We now consider a ferrite layered structure in coaxial configuration, as schematically depicted in Fig. 4(a). In this axisymmetric system, two ferrite layers with thicknesses $d_+$ and $d_-$ are sandwiched between a thin metal wire and a metal shell. In the ferrite layers, the remanent magnetization points in the $\phi$ direction or the reverse, i.e., $\textbf {M}_r^+=M_r \hat \phi$, $\textbf {M}_r^-=-M_r \hat \phi$, as indicated in Fig. 4(b), which shows the cross section of the 3D waveguide. In the cylindrical coordinates, the (relative) permeability tensor for the ferrite layers with remanent magnetization vectors $\textbf {M}_r=\pm M_r \hat \phi$ can be expressed in the same form as Eq. (1), and the tensor elements $\mu$ and $\kappa$ have the same expressions as those in Eq. (1) as well, i.e., $\mu = 1+i\nu \omega _r/\omega (1+\nu ^2)$, $\kappa = \omega _r/\omega (1+\nu ^2)$, where ${\omega _r}={\mu _0} \gamma {M_r}$.

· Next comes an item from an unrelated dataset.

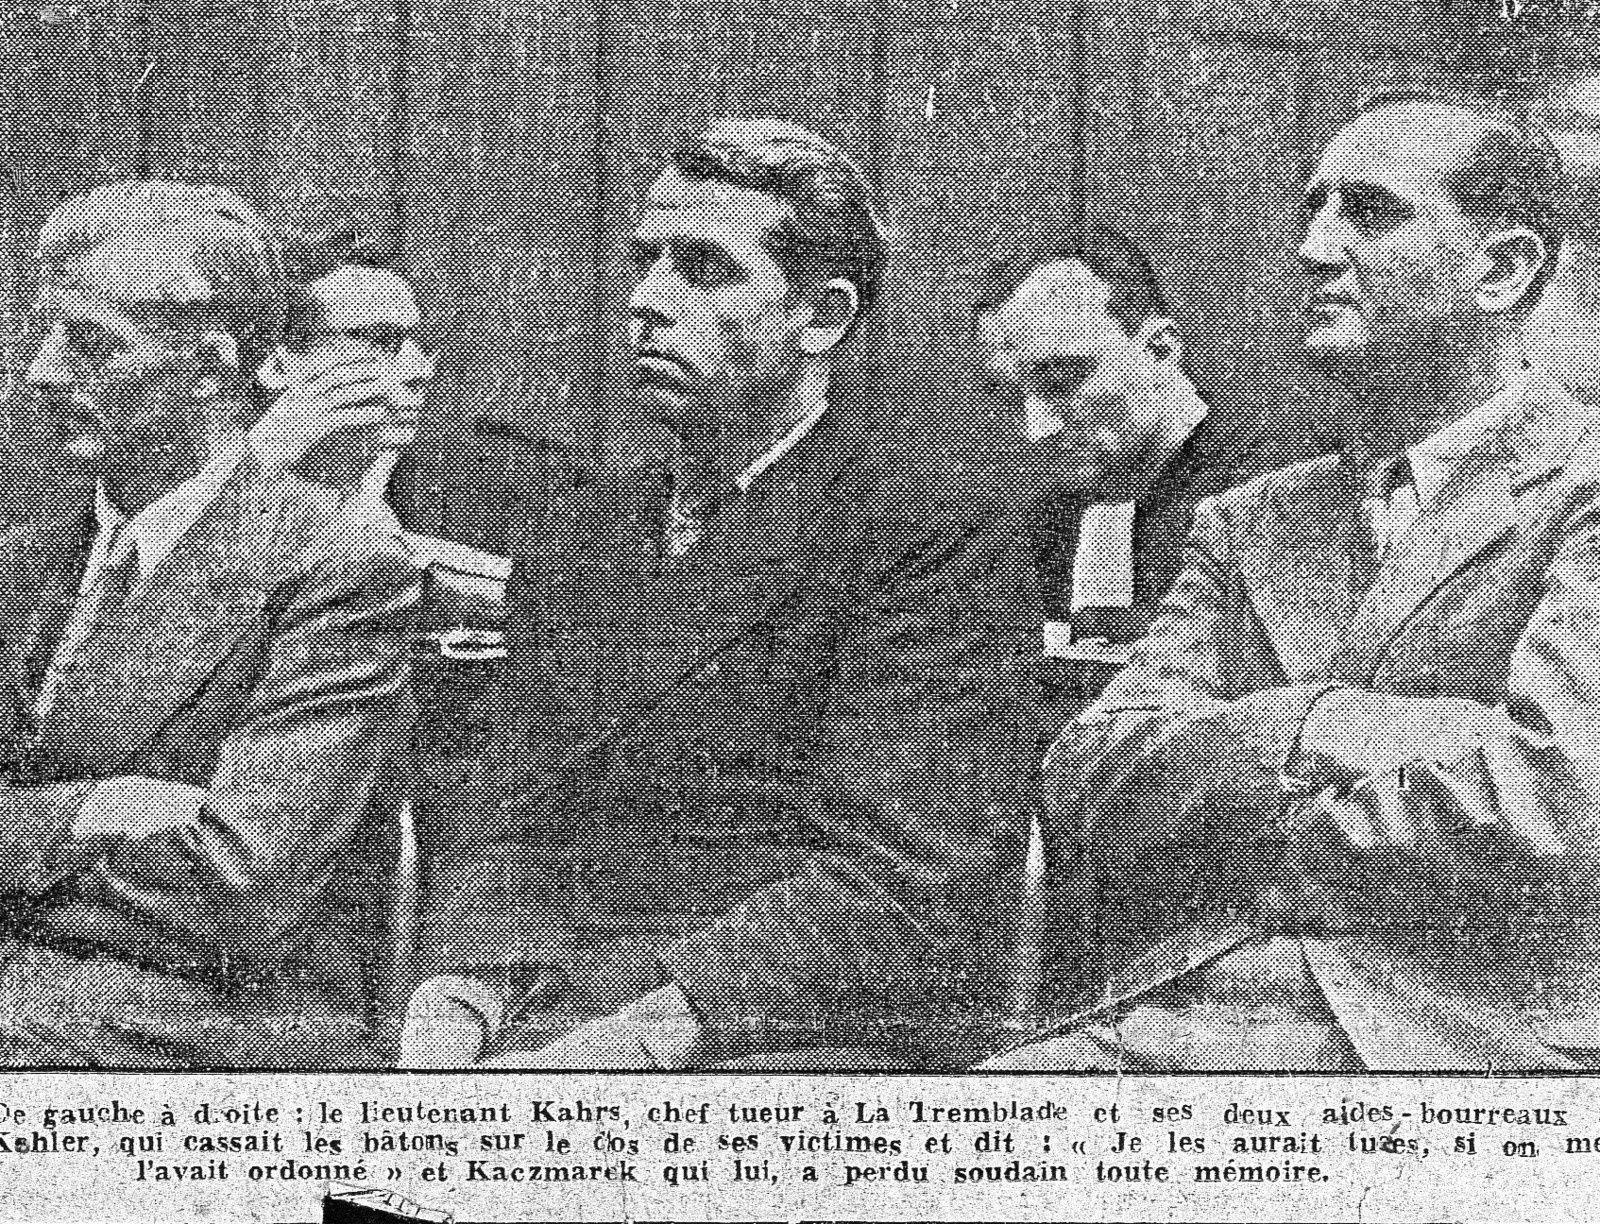 Les trois tortionnaires comparaissent devant le tribunal militaire de Bordeaux du 5 au 7juillet 1950
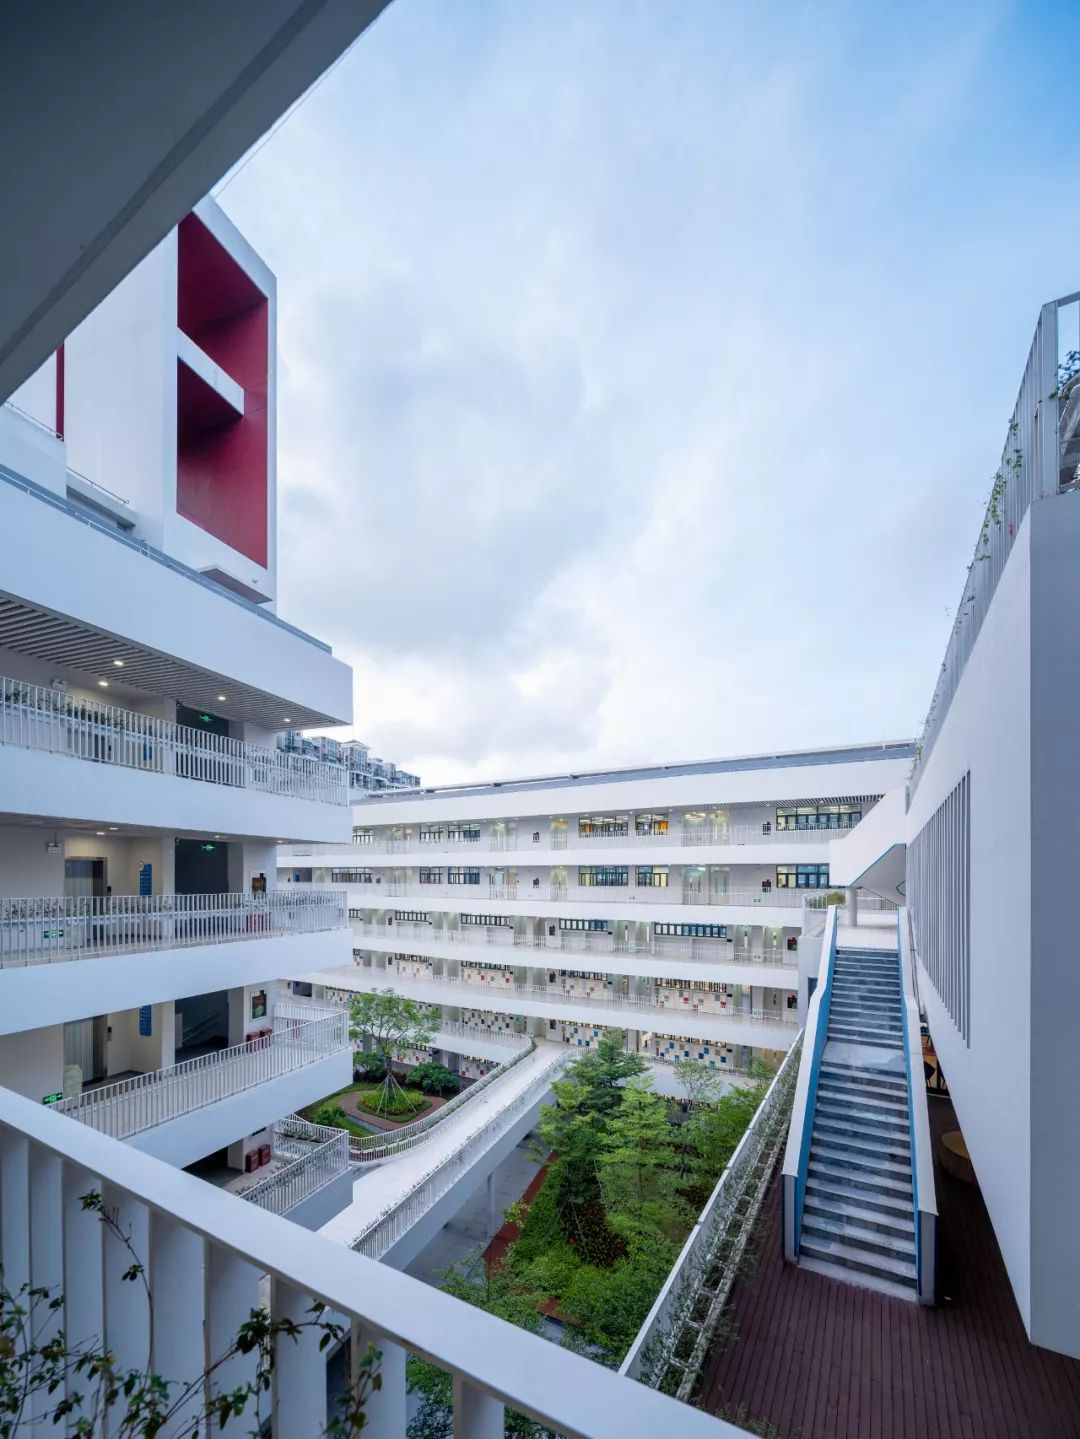 深圳前海三小建筑设计/深圳大学建筑设计研究院·元本体工作室

Fig. 4. (a) Schematic of the coaxial waveguide formed by ferrite layers with opposite remanences. (b) Cross section of the coaxial waveguide. (c) Dispersion curve (solid line) of SMP in the coaxial waveguide with $d_+=d_-=10$ mm. Dashed line represents the dispersion relation described by Eq. (6), and the shaded area is the bulk-mode zone in the ferrite layers. The field patterns for SMP and bulk mode are illustrated in (d) and (e), respectively.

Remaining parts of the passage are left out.